L’auteur déplore également le fait que ce texte garde le silence sur certaines questions dont la prise en compte contribuerait à renforcer sa crédibilité. Il s’agit notamment de la question des transferts de technologie militaire et de l’évolution technologique des huit catégories d’armes qu’il couvre, celle des armements modernes, ainsi que l’épineuse question du transfert d’armes aux groupes armés non étatiques. À cette lacune s’ajoute la réglementation partielle des munitions et des pièces détachées qui, en raison des multiples conséquences néfastes qu’entraîne leur dissémination incontrôlée, auraient dû faire l’objet d’un contrôle plus général par le Traité. Enfin, l’auteur reproche au texte l’absence d’un mécanisme de suivi de la mise en oeuvre autorisant des investigations efficaces en cas d’allégations de violation du Traité, ainsi que des sanctions pour les contrevenants.

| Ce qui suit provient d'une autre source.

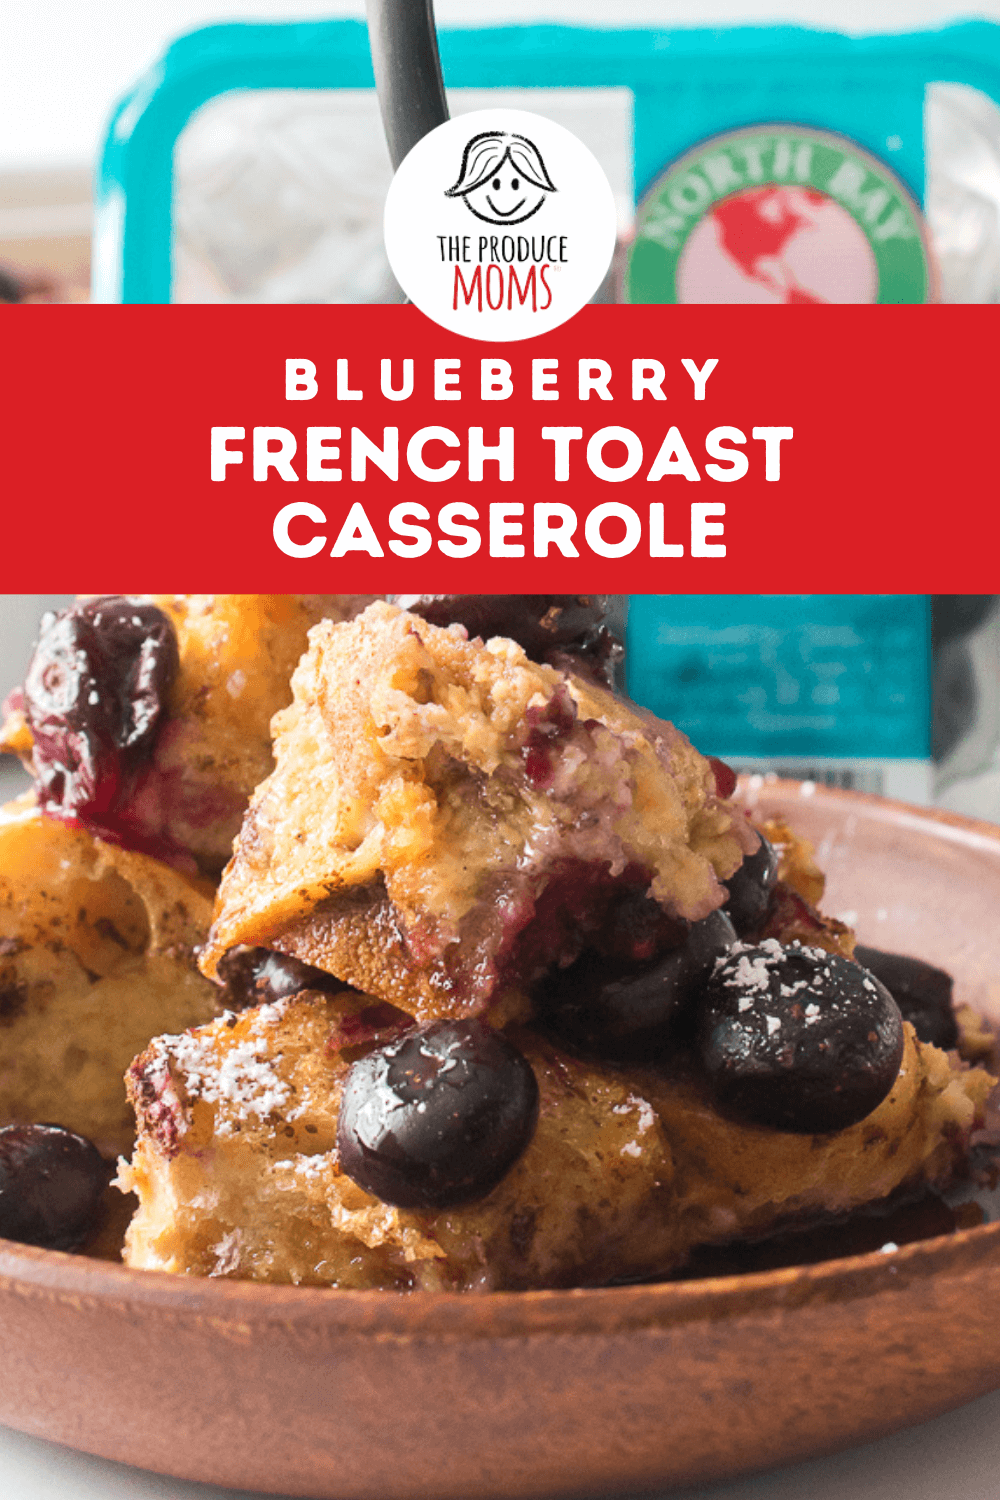 Pinterest Pin Blueberry French Toast Cassrole

Toutefois, et en dépit de ses faiblesses, le tca, nous rappelle l’auteur, renforce la responsabilisation des États en matière de transfert d’armes et constitue de ce fait une contribution déterminante à l’architecture sécuritaire du 21e siècle. Une interprétation de bonne foi de cet instrument, à la lumière des principes de droit international qui constituent son socle philosophique, favorisera une application objective des règles qu’il institue et permettra tant bien que mal de juguler les transactions illicites et irresponsables d’armes classiques. Il faudra par ailleurs compter sur l’activisme des ocs qui joueront un rôle primordial en matière de surveillance de la mise en oeuvre du Traité. En outre, il est permis d’espérer que le Traité fera, au fil du temps, l’objet d’un renforcement et d’une mise à jour par le biais de la procédure de l’amendement. Ceci dit, pour que le Traité exerce son influence tant espérée sur le commerce des armes, il est impératif que tous les États y adhèrent, et notamment ceux qui occupent une place importante sur le marché mondial du commerce des armes et qui, pour l’instant, renâclent à se soumettre à de telles dispositions.

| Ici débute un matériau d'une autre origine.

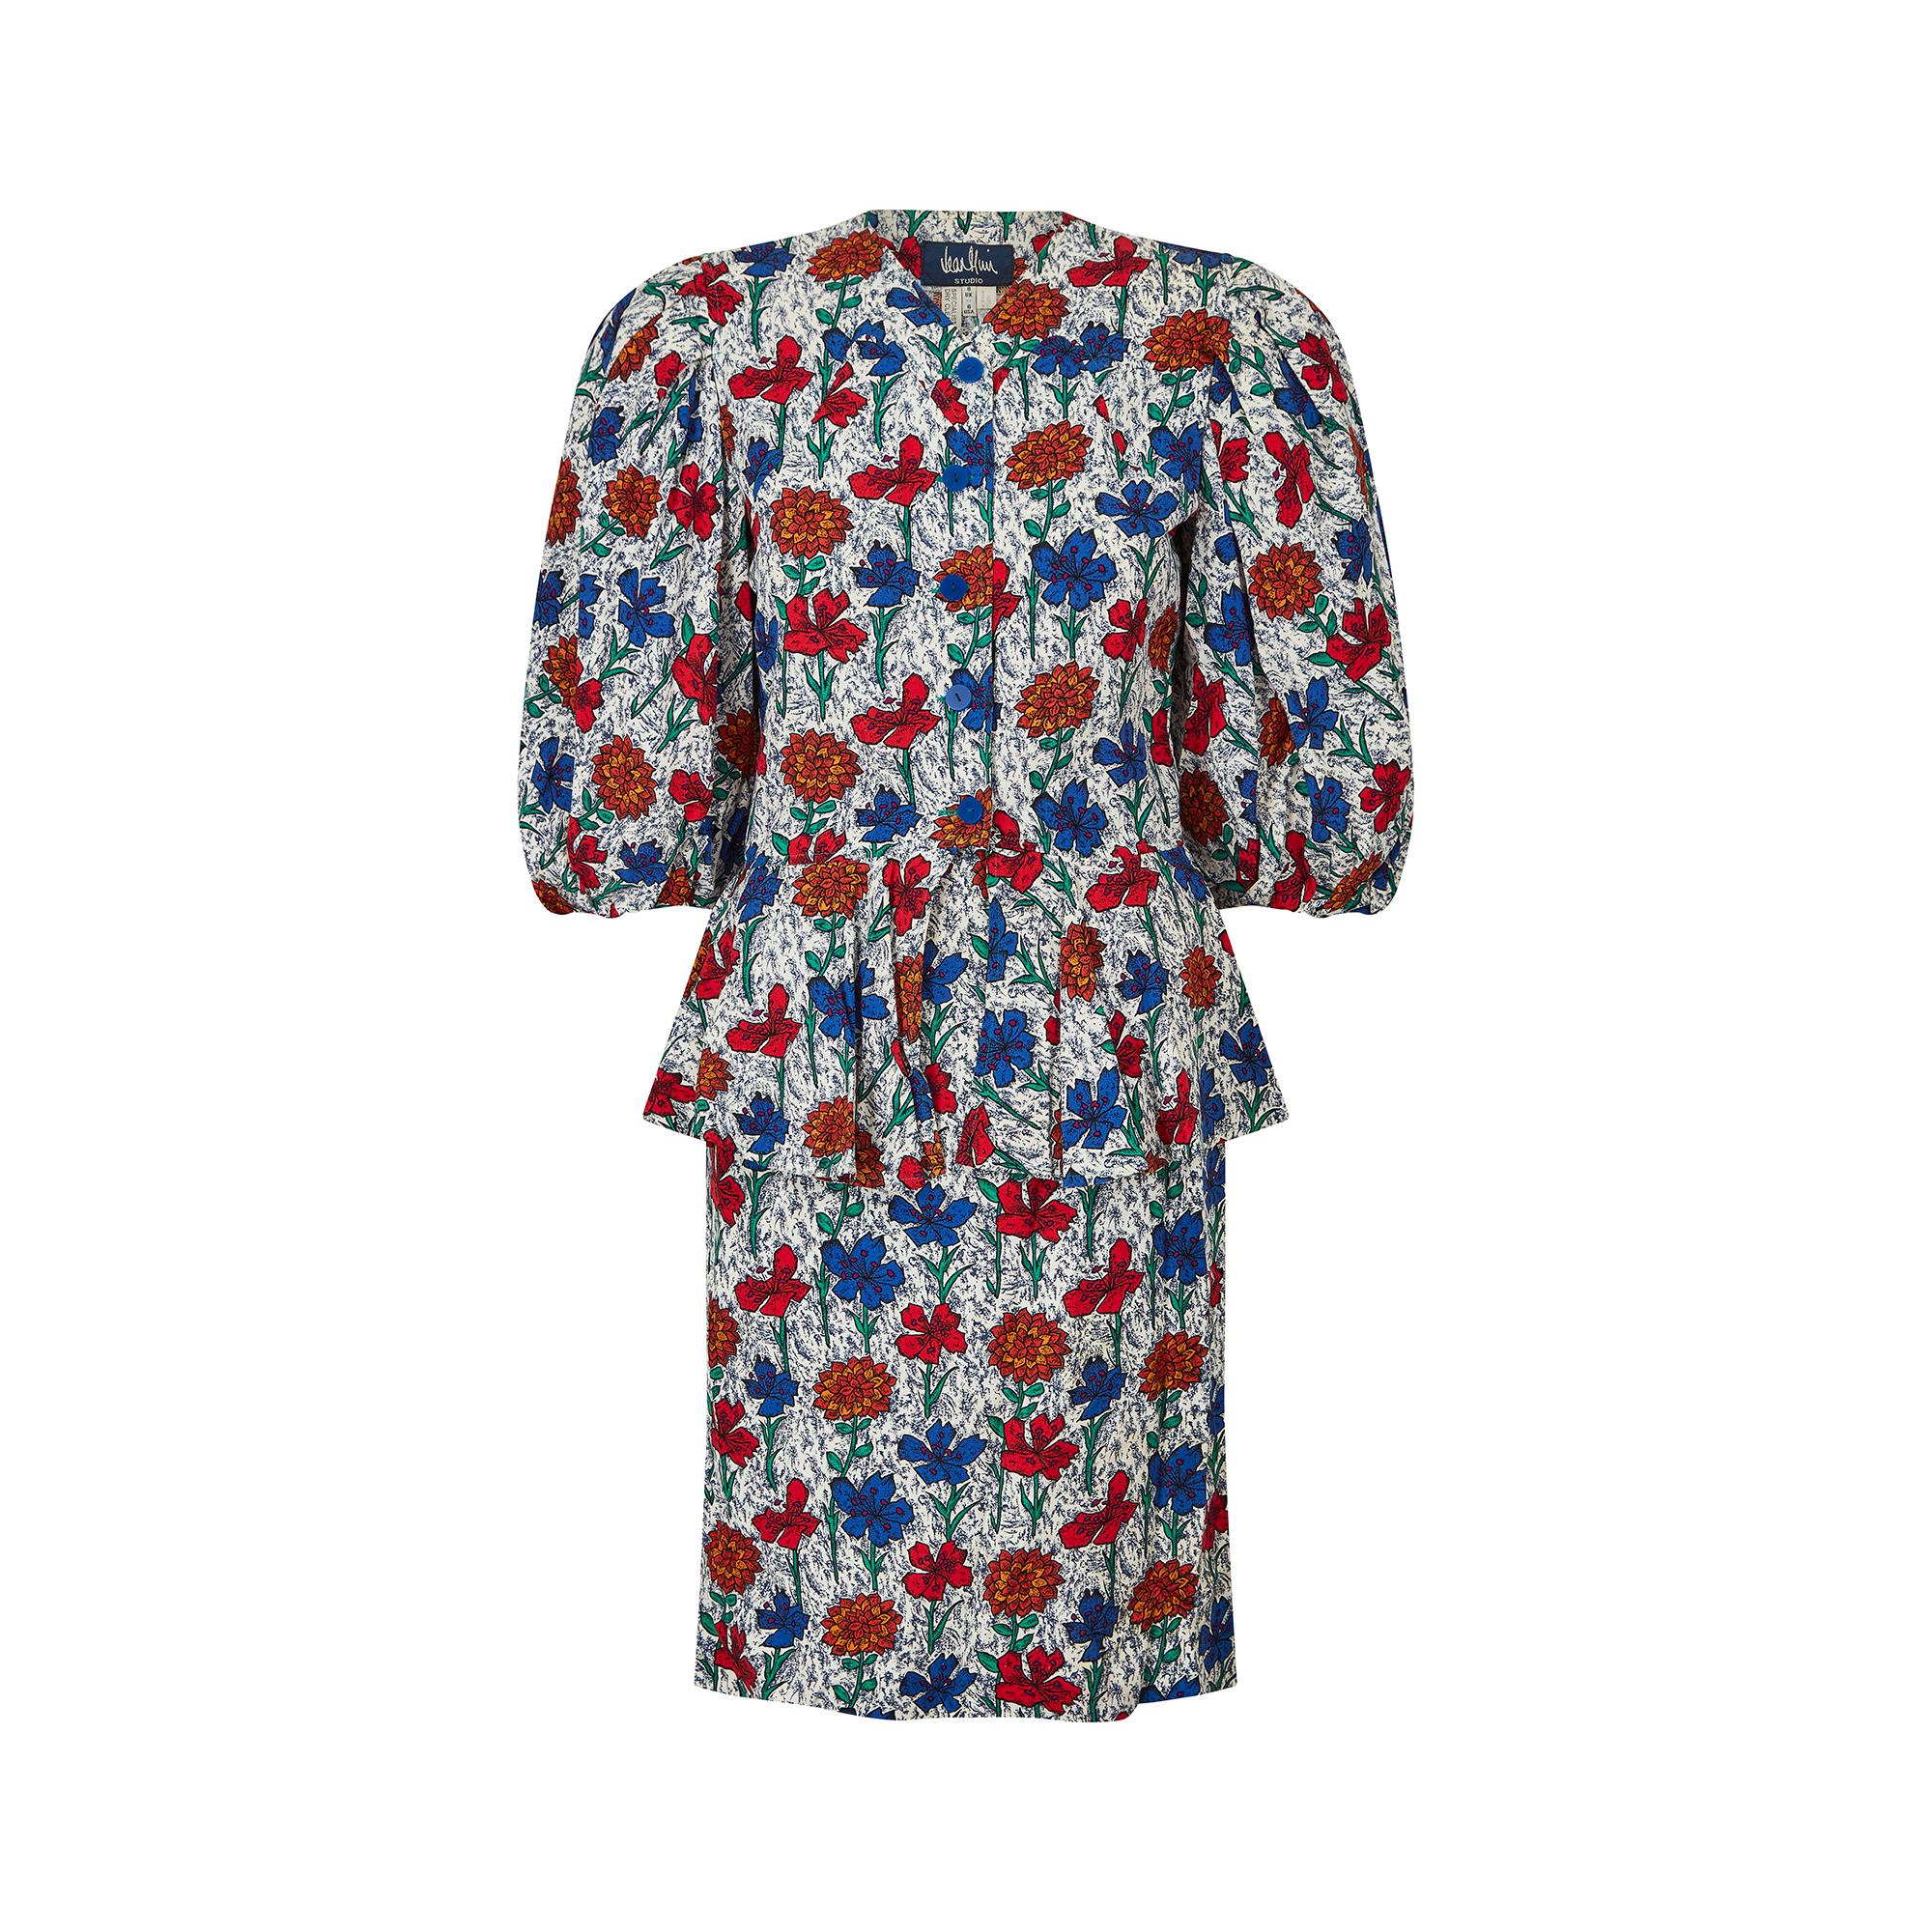 Vintage Jean Muir skirt suit from the mid to late 1980s. Both the skirt and the jacket are made using a brightly printed and lightweight viscose material, featuring bold blue, red and orange flowers against a mottled blue and white background. The

En somme, l’ouvrage de Loïc Simonet, Le Traité sur le commerce des armes, est une oeuvre originale et réussie. L’analyse thématique à laquelle se livre l’auteur permet, ainsi qu’il le relève lui-même, de pallier le caractère quelque peu « décousu » du tca (p. 13) et d’aboutir à une analyse structurée et détaillée de ce texte. Plus encore, l’ouverture de l’analyse à des disciplines connexes telles que les Relations internationales enrichit grandement la discussion et permet au lecteur de mieux cerner les défis et les enjeux actuels liés au contrôle des transferts d’armes. Fort bien documenté et rédigé dans un langage accessible, l’ouvrage intéressera les praticiens et chercheurs en droit international et en Relations internationales ayant un intérêt pour les problématiques liées au commerce des armes, puisqu’il met l’accent sur les normes internationales régissant cette activité. On peut cependant regretter que des développements plus conséquents n’aient pas été consacrés à la coopération et à l’assistance internationales qui, comme le relève pourtant à juste titre l’auteur, joueront un rôle déterminant dans la mise en oeuvre du Traité.